Decedent, Eugene T. Capuzzi, M.D., owned shares in a limited partnership. Dr. Capuzzi's will divided that interest equally among his three children, Michael, Eugene Jr., and Christina. A few days before his death, Dr. Capuzzi directed Michael to transfer the limited partnership shares to his sons, Michael and Eugene, Jr., petitioners in this case. Michael was acting as Dr. Capuzzi's agent pursuant to a durable power of attorney agreement. The agreement gave Michael "full power and authority to do and perform every act and thing whatsoever requisite and necessary to be done." The transfer would eliminate Christina's interest in the limited partnership shares; Christina is the respondent in this case.
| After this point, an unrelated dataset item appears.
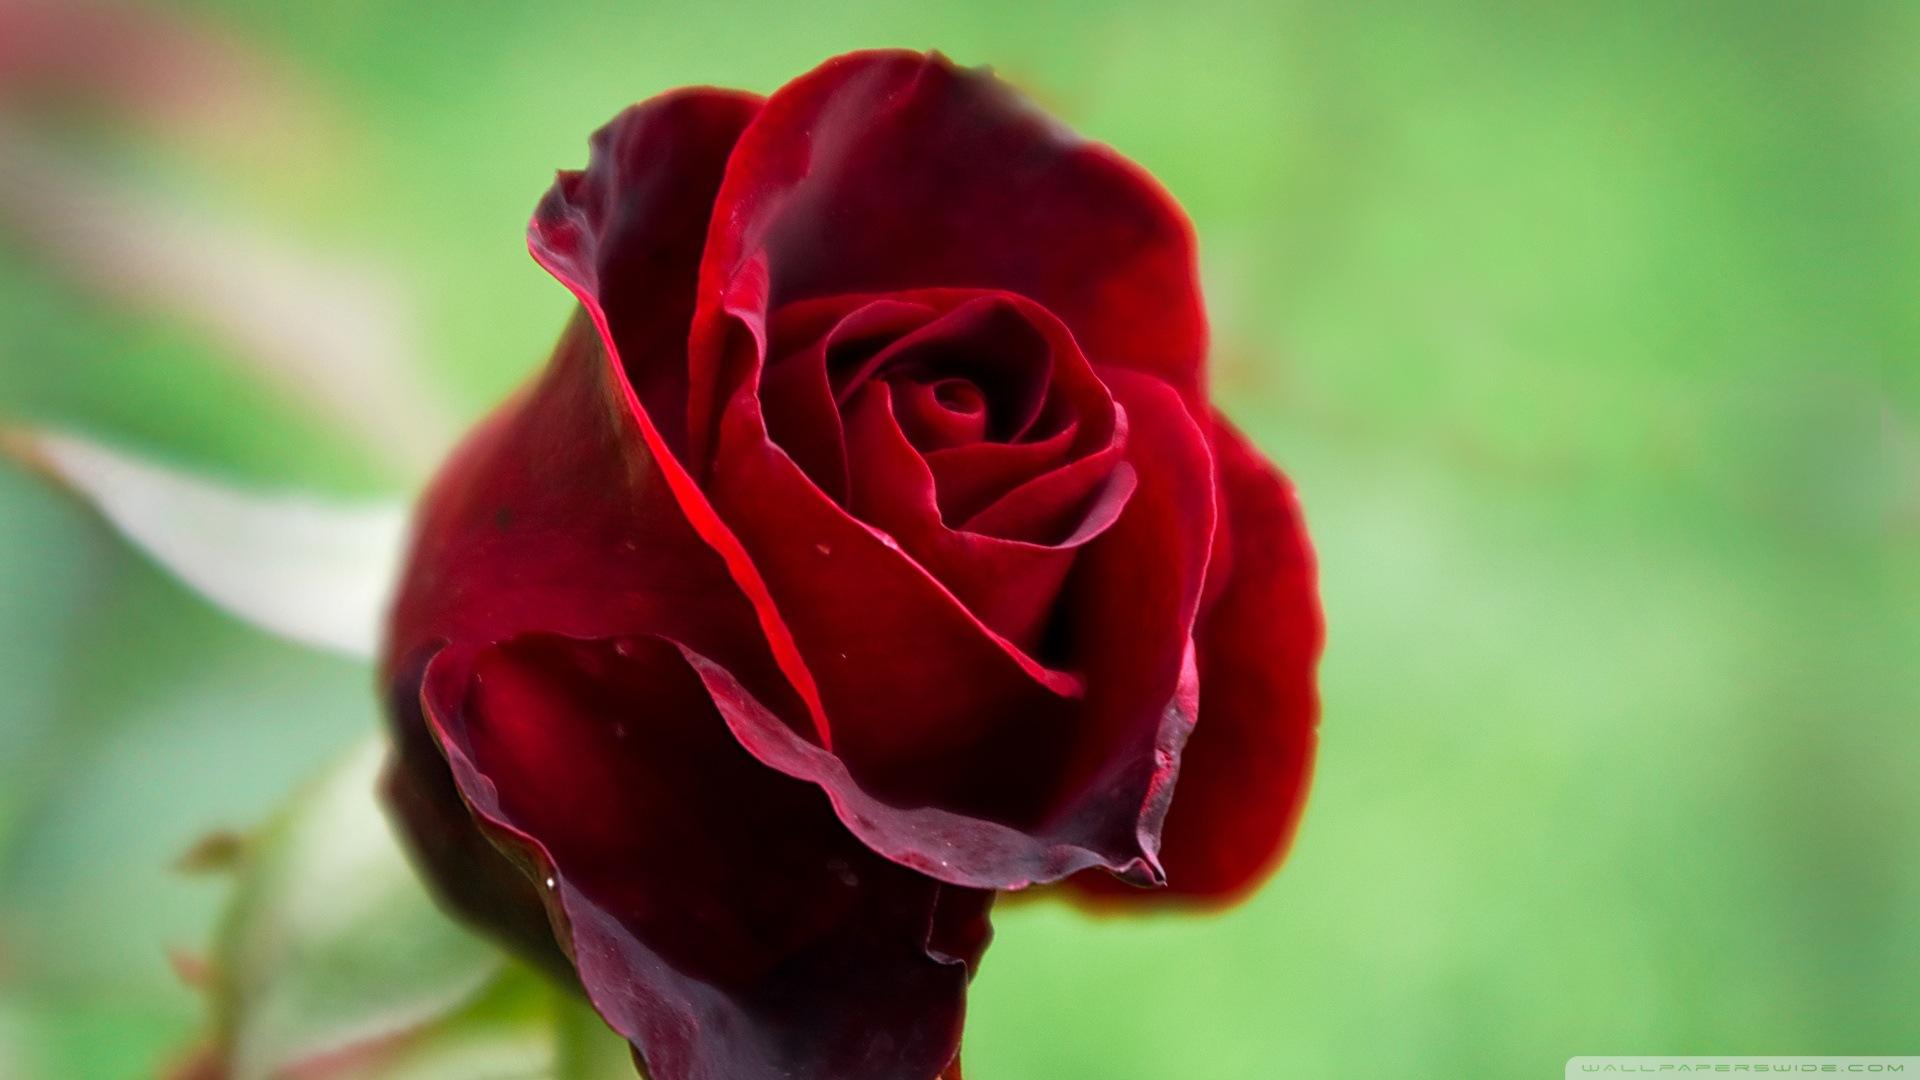 Beautiful Rose Wallpapers Hd Wallpapersafari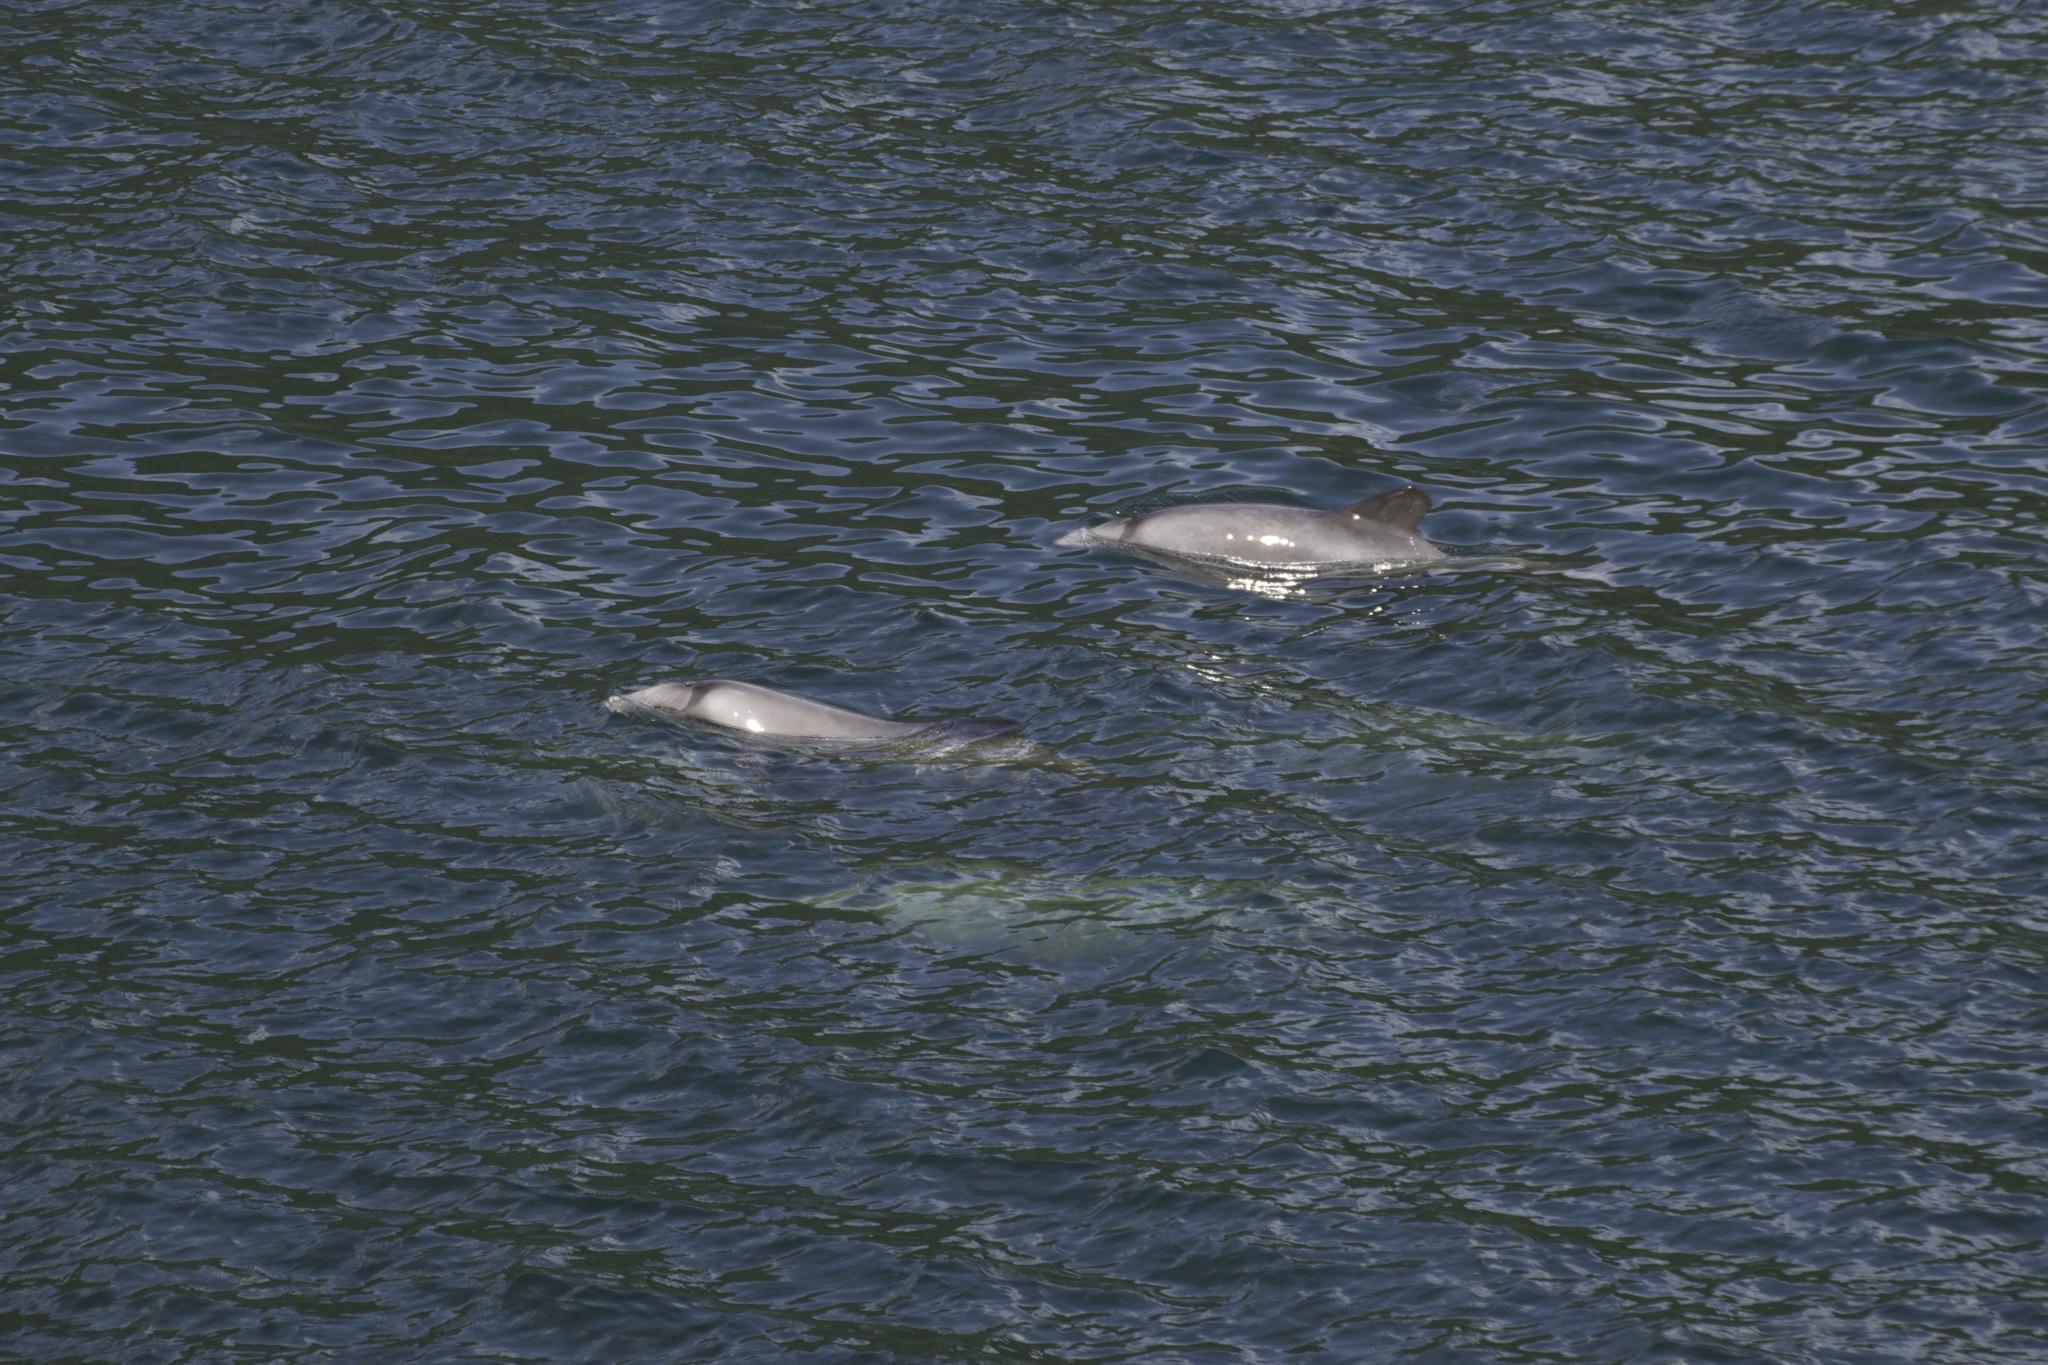 Schon nach dem Frühstück und nochmals beim Znüni konnten wir Delfine beobachten

Michael contacted the limited partnership on August 10, 1998, and again on August 11, 1998, and he directed that the shares be transferred pursuant to the power of attorney and Dr. Capuzzi's wishes. Dr. Capuzzi died on August 14, 1998. On August 19, 1998, the limited partnership sent Michael a letter stating that Dr. Capuzzi's death had revoked the power of attorney and, therefore, the transfer could not be completed. During probate proceedings, petitioners objected to the shares passing under the will. The probate court granted summary disposition for petitioners. The Court of Appeals reversed and remanded, holding that the transfer of the shares could not be completed because Dr. Capuzzi's death immediately revoked the power of attorney.1 This Court granted petitioners' application for leave to appeal. 468 Mich. 925 (2003).

II. STANDARD OF REVIEW

We review de novo questions of law. Hagerman v. Gencorp Automotive, 457 Mich. 720, 727, 579 N.W.2d 347 (1998). Likewise, "we review de novo decisions on summary disposition motions." American Federation of State, Co. & Municipal Employees v. Detroit, 468 Mich. 388, 398, 662 N.W.2d 695 (2003).

III. ANALYSIS

It is a longstanding legal principle that a duly authorized agent has the power to act and bind the principal to the same extent as if the principal acted. See, e.g., Cowan v. Sargent Mfg. Co., 141 Mich. 87, 91, 104 N.W. 377 (1905); see also 1 Restatement Agency, 2d, § 12, p. 57. A power of attorney provides the agent with all the rights and responsibilities of the principal as outlined in the agreement. See, e.g., M.C.L. § 700.5501 et seq.; Kuite v. Lage, 152 Mich. 638, 640, 116 N.W. 467 (1908). In effect, the agent stands in the shoes of the principal.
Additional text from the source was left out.